Looks really good and congrats on the hatchlings. You might want to put something down on that landing, it looks like it could be mighty slippery if it got wet. You could use shingles or repaint and put sand on it before it drys, or even mix sand in the paint. Either of those will offer a nonslip surface for them. Shingles will also help to keep the hooves filed a little. If you drive around in new home construction sites they usually have leftover or unusable for roofing shingles they will give you.


----------



## rednekrivieraranch (Dec 6, 2012)

Thank you! Proud of my new chicks! Oh n the paint is a sanded paint. It's hard to tell in the pic but it is VERY textured. I had originally bought it because we have concrete steps that were so dangerous when they got wet. Painted the steps and had about 3 gallons left over. So I put em to use on the goat shelter.

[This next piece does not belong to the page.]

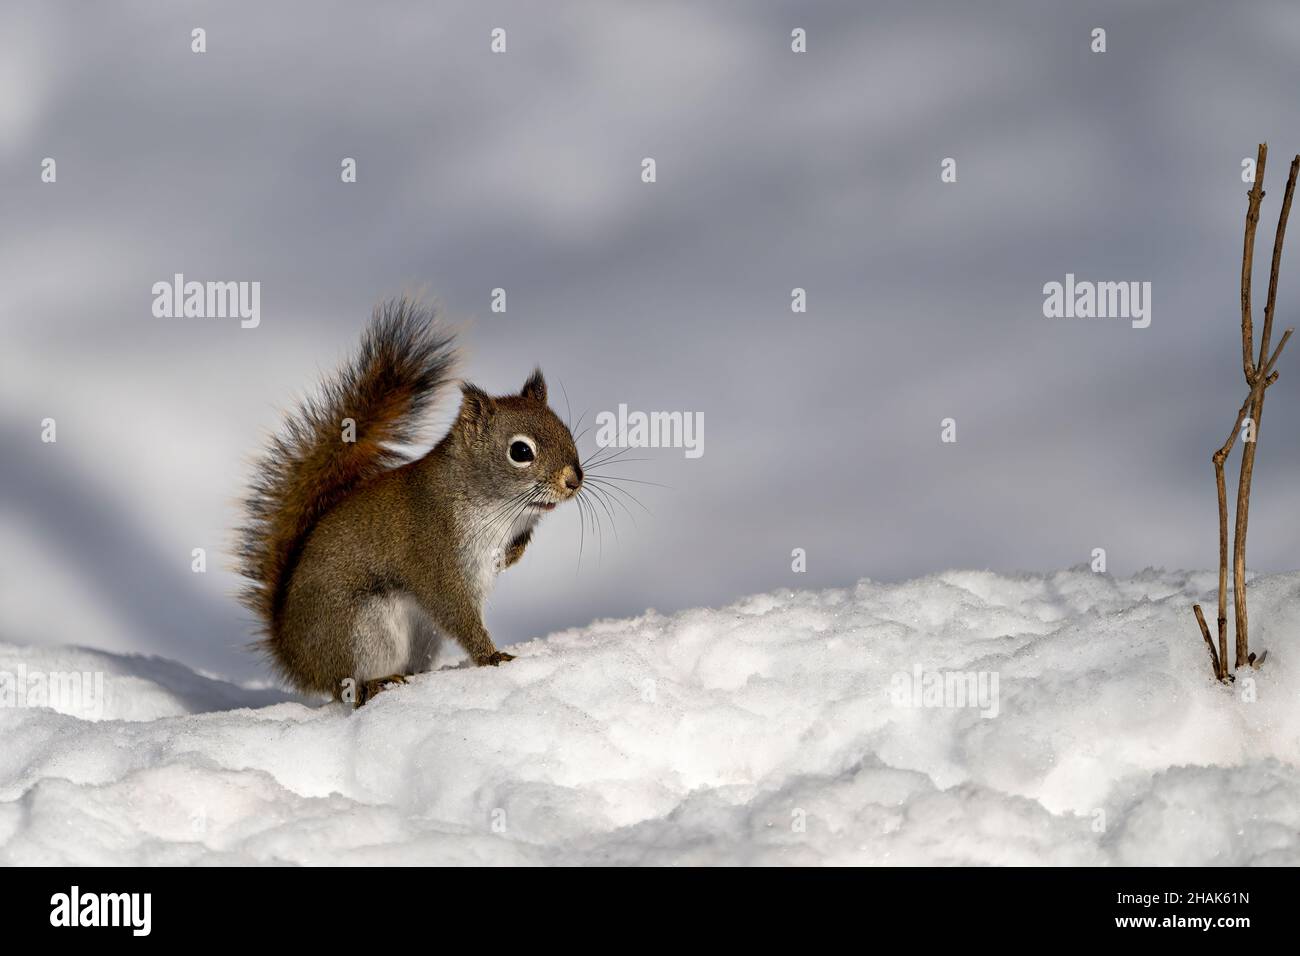 Nahaufnahme des Eichhörnchens, das auf Schnee steht, mit einem verschwommenen weißen Hintergrund in seiner Umgebung und seinem Lebensraum mit braunem Fell. Bild. Stockfoto

It looks like you are painting with chocolate pudding


----------



## crocee (Jul 25, 2008)

Thats good to hear. Broken legs and torn muscles from sliding kept going through my mind as I was looking at the pictures.


----------



## rednekrivieraranch (Dec 6, 2012)

Lol that's what was going through my mind with the concrete steps... For me! That particular type of paint is awesome though, provides a lot of traction for em! And I love that it waterproofs everything. I am going to put more plywood inside their shelter( it has weak spots) then paint it too. I hate how the urine soaks into the wood floor in there!


----------



## crocee (Jul 25, 2008)

It sounds like some good stuff. The waterproof floor is a great idea and will help cut down on any lingering ammonia smell.


----------